**Your task**.
The result should be an exact copy of the data, free of pictures.
Top of Given material
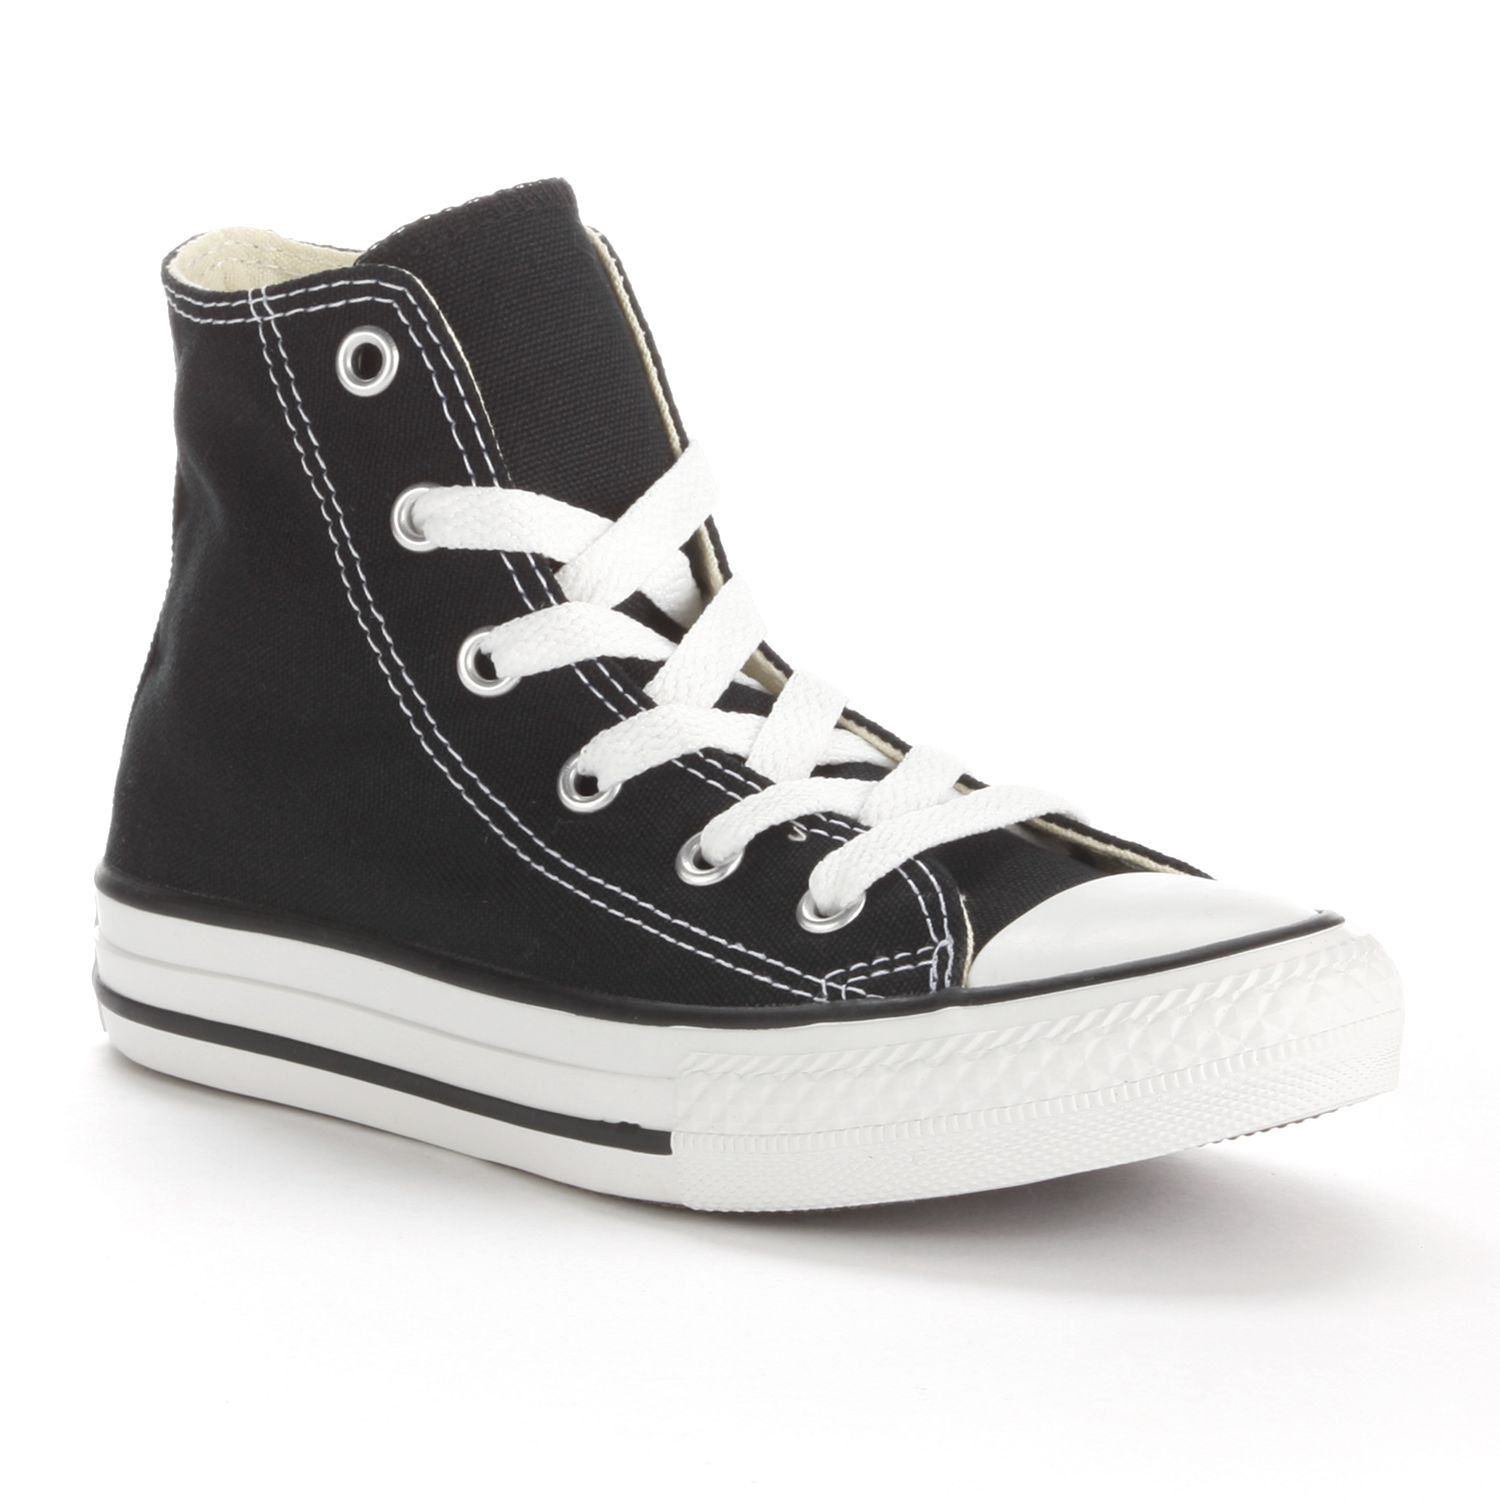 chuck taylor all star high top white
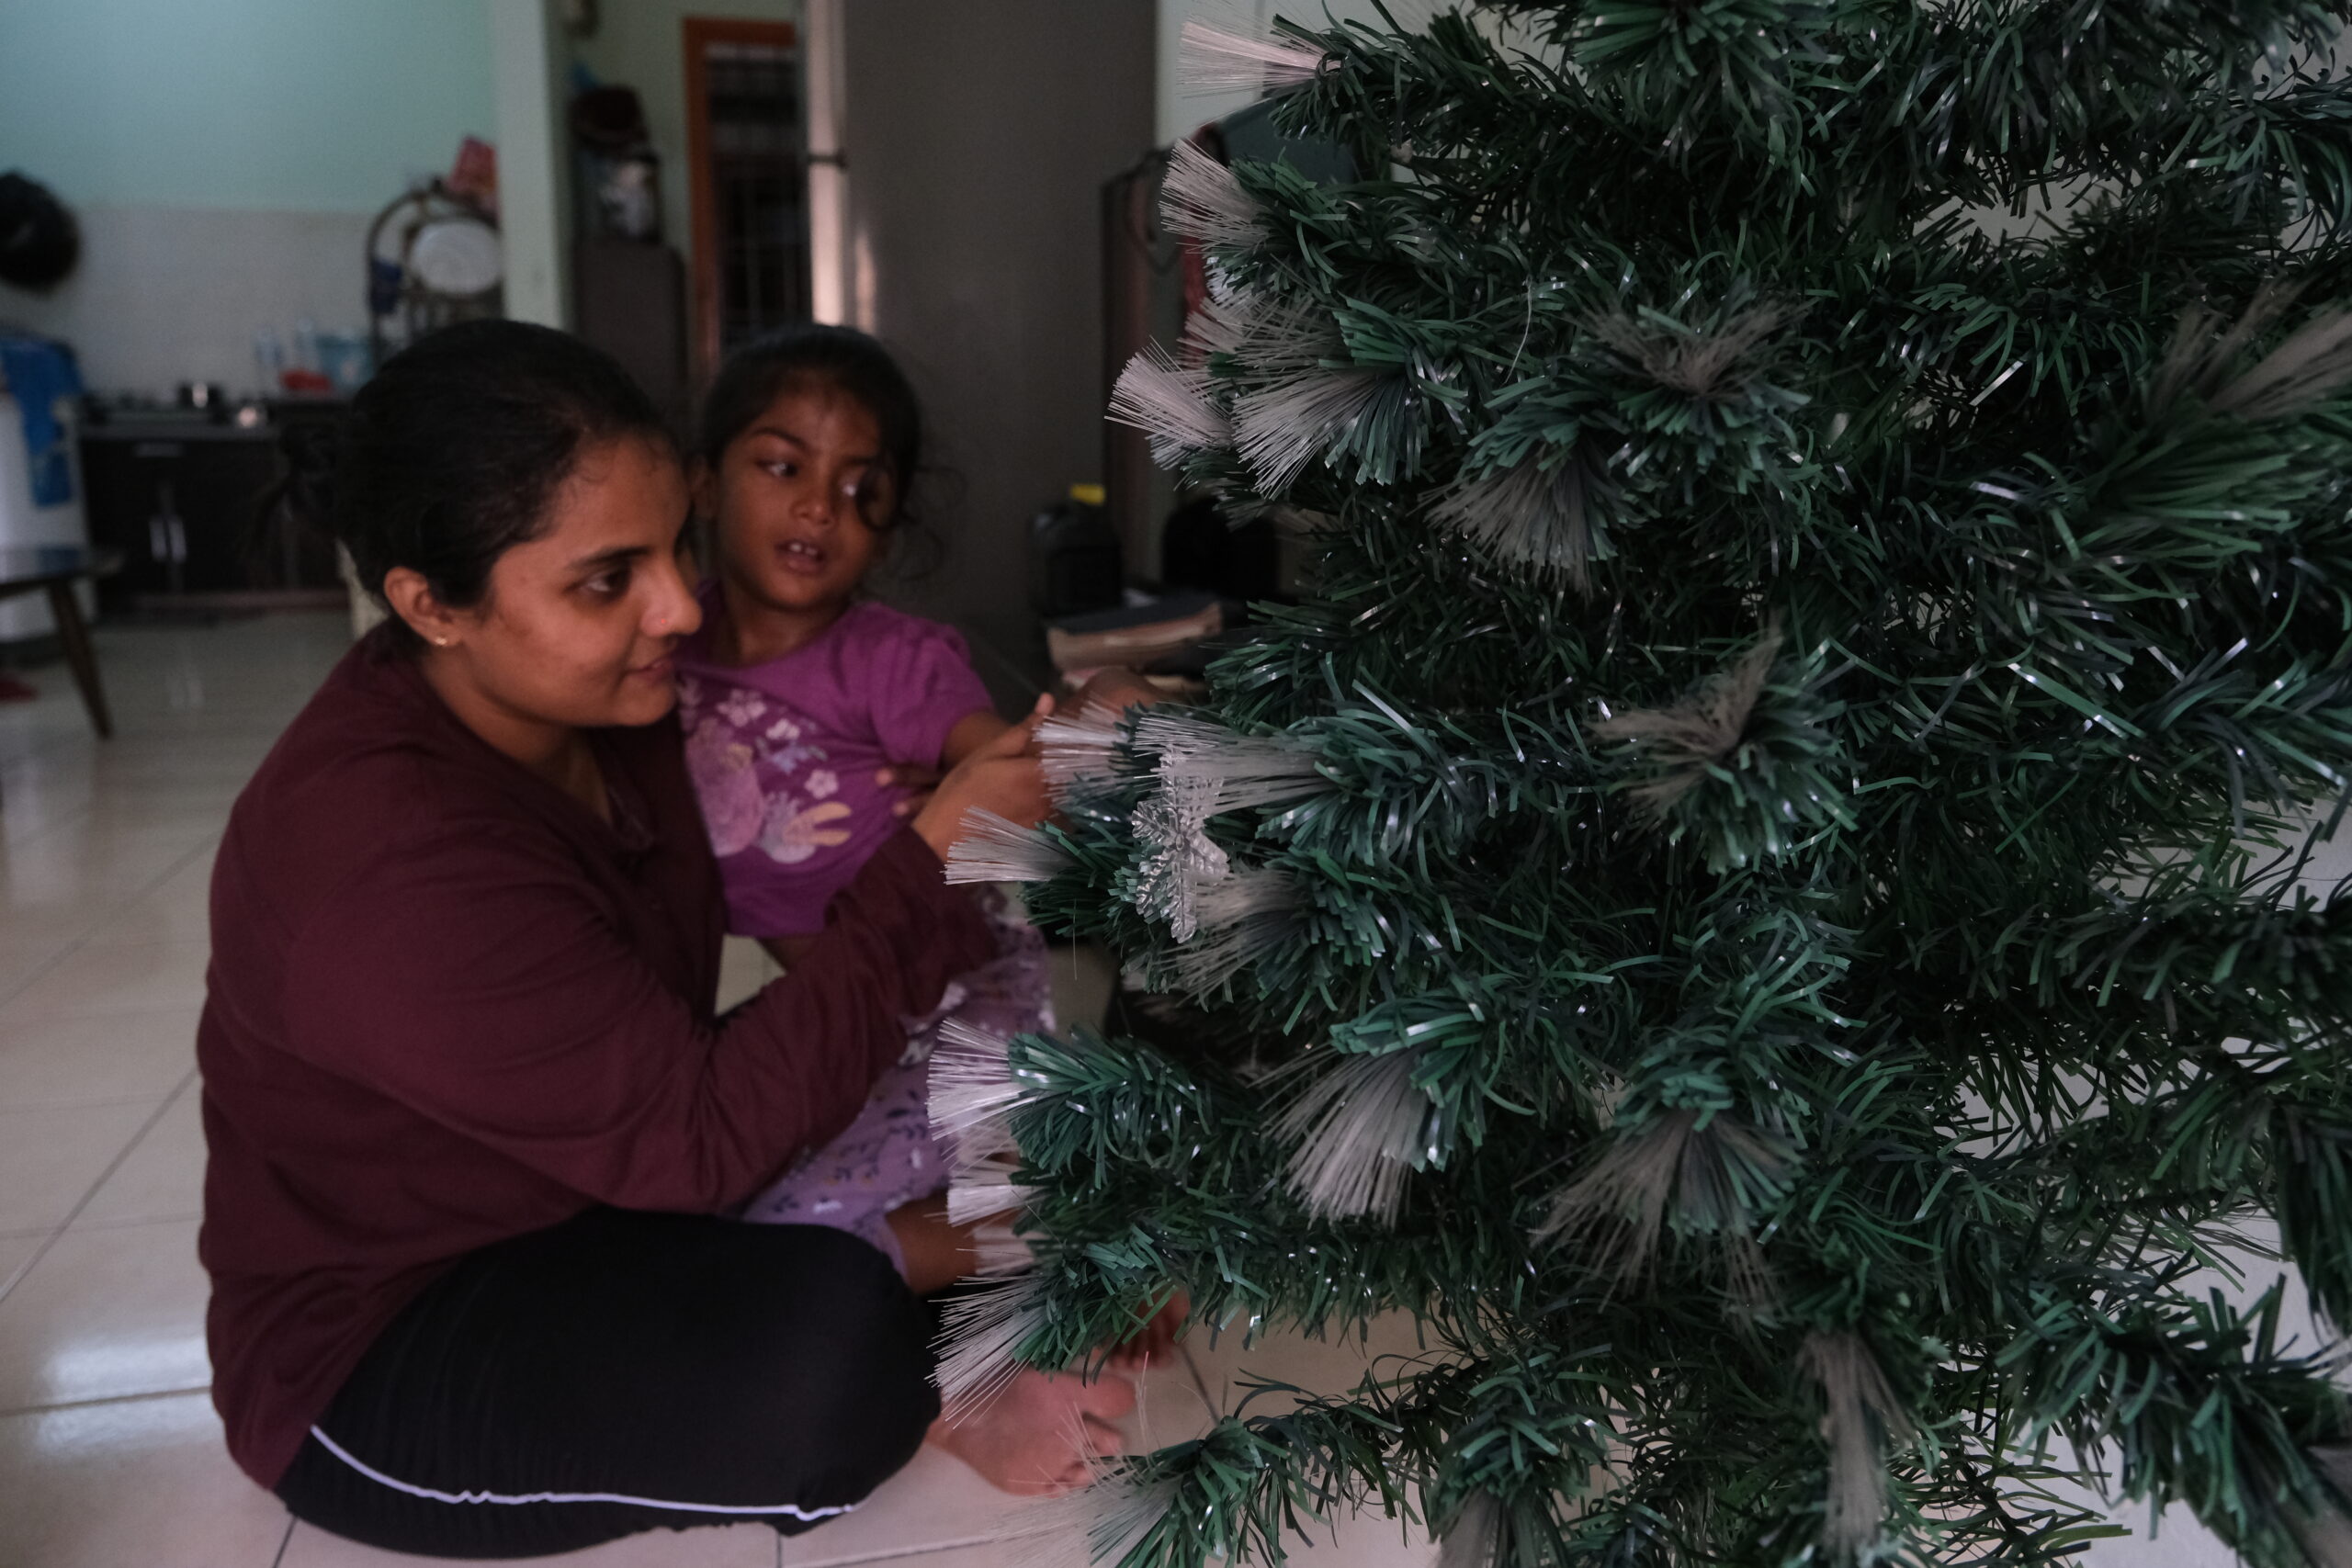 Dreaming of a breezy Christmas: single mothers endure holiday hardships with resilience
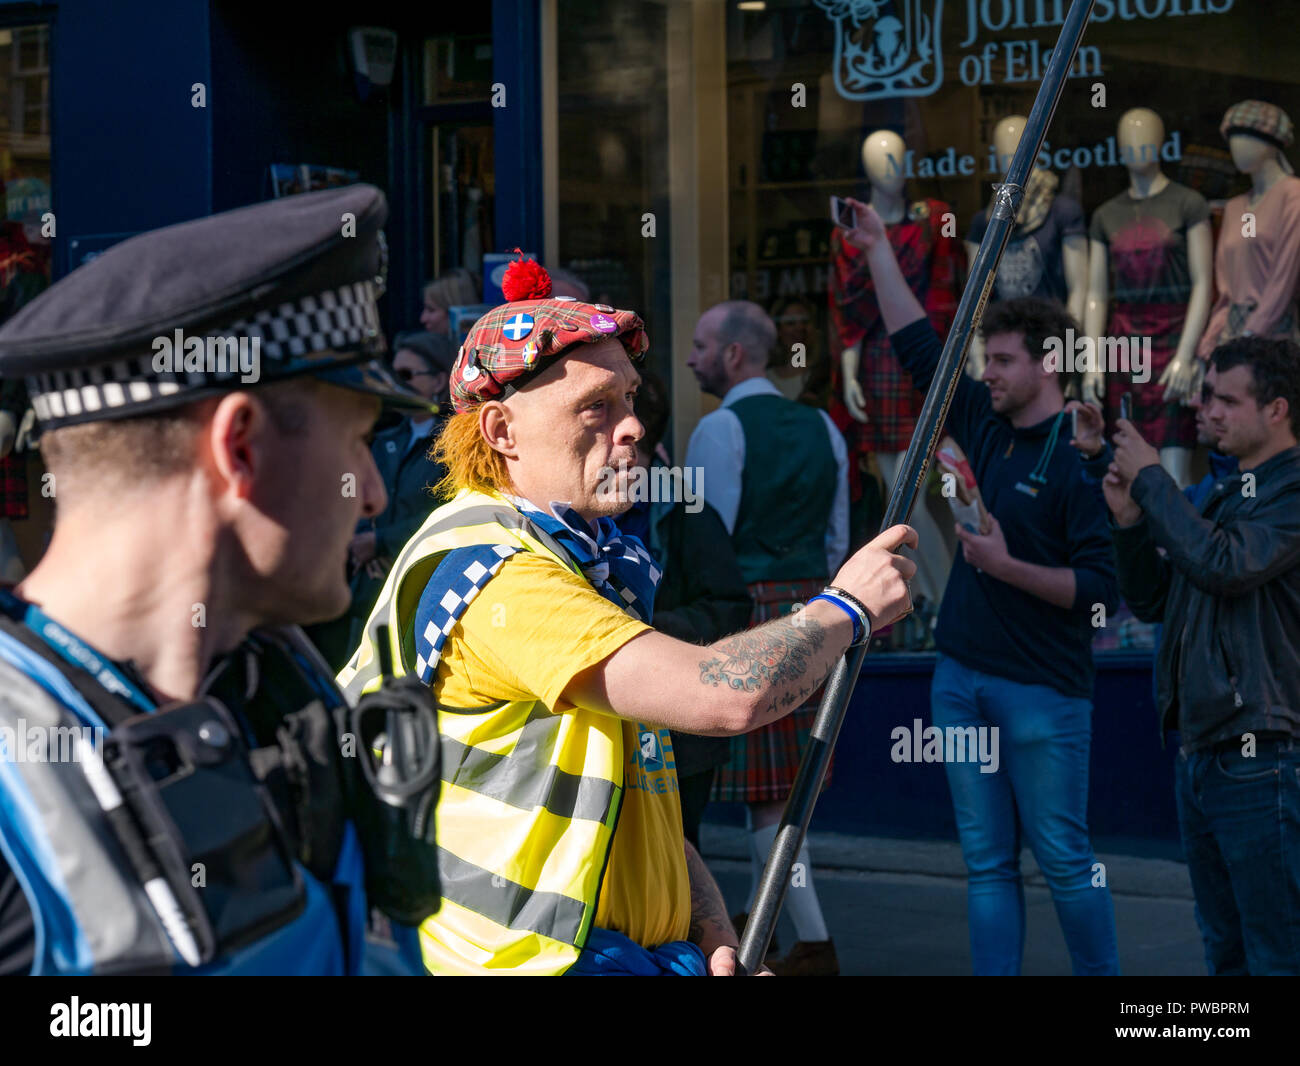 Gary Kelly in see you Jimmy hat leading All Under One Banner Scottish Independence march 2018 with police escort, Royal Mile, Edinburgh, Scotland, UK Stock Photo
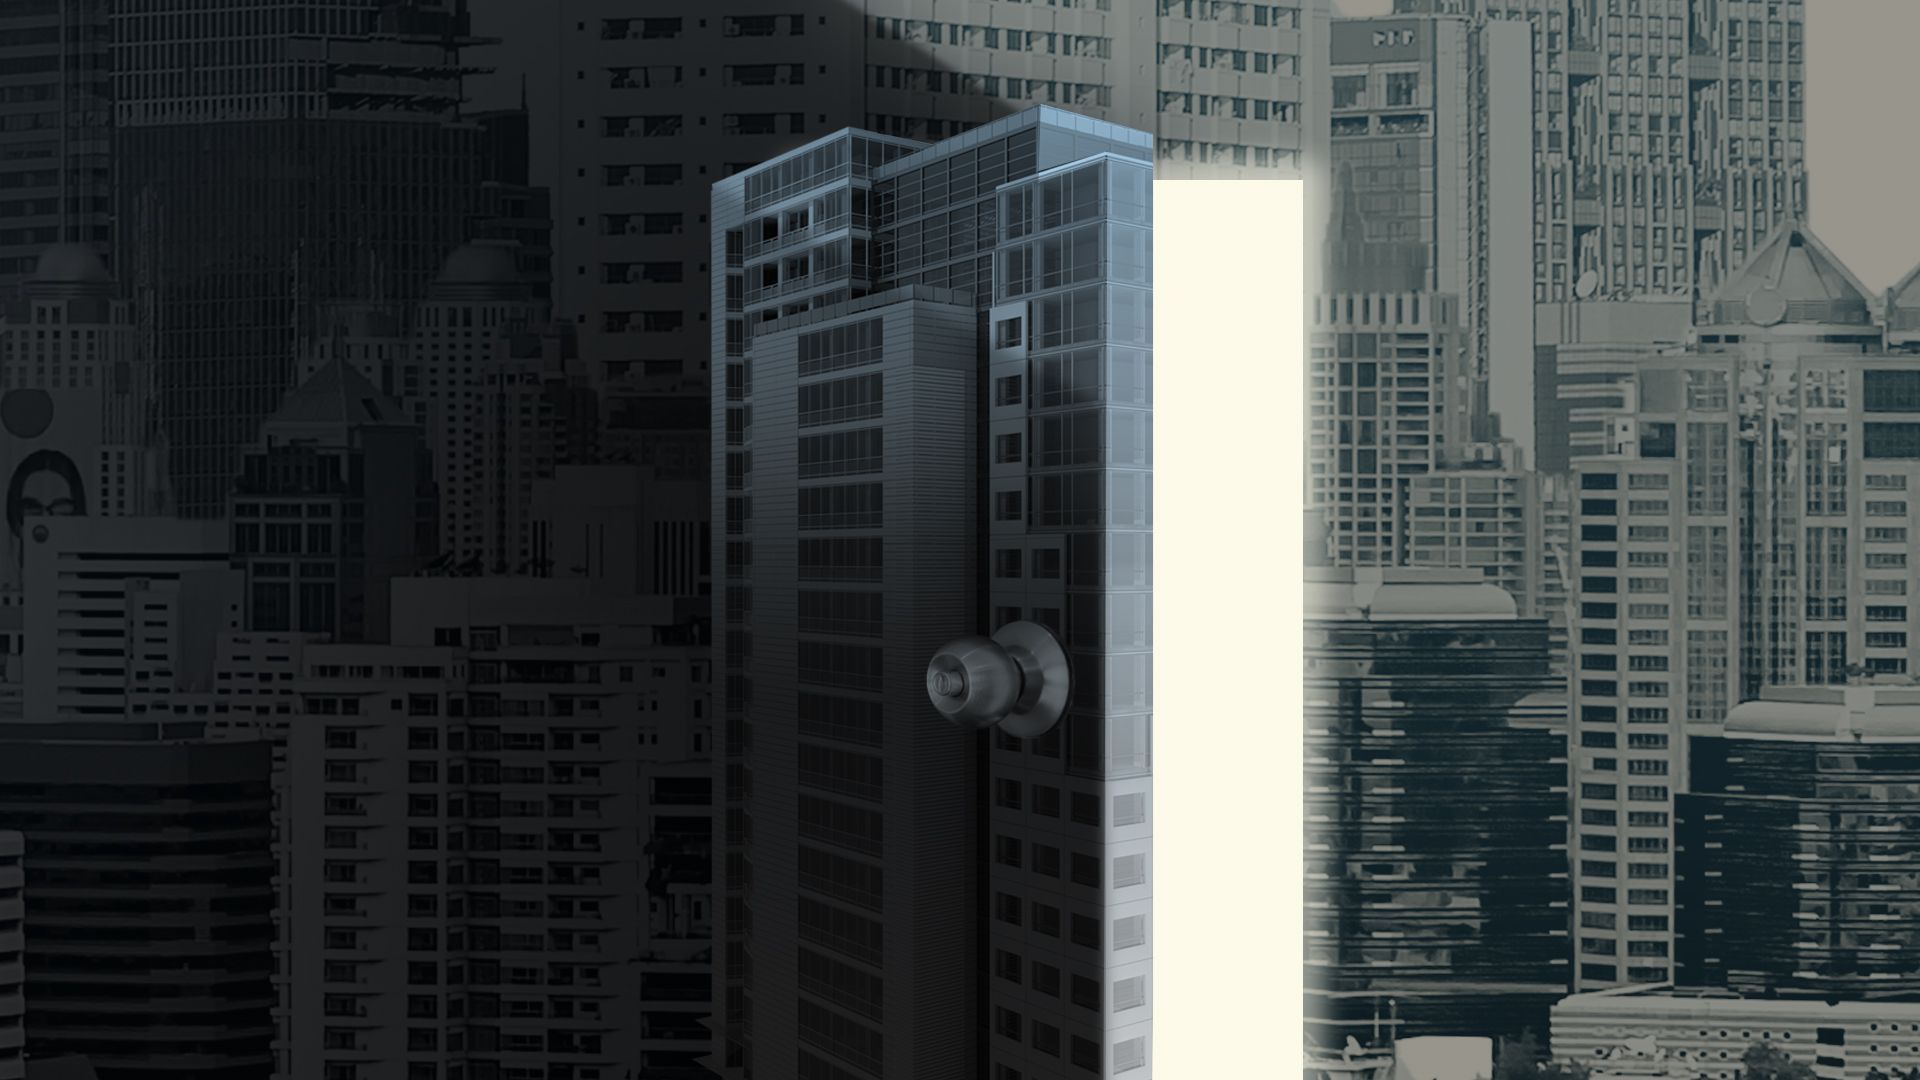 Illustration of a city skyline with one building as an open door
Bottom of Given material
**Solved problem**.
 chuck taylor all star high top white
 Dreaming of a breezy Christmas: single mothers endure holiday hardships with resilience
 Gary Kelly in see you Jimmy hat leading All Under One Banner Scottish Independence march 2018 with police escort, Royal Mile, Edinburgh, Scotland, UK Stock Photo
 Illustration of a city skyline with one building as an open door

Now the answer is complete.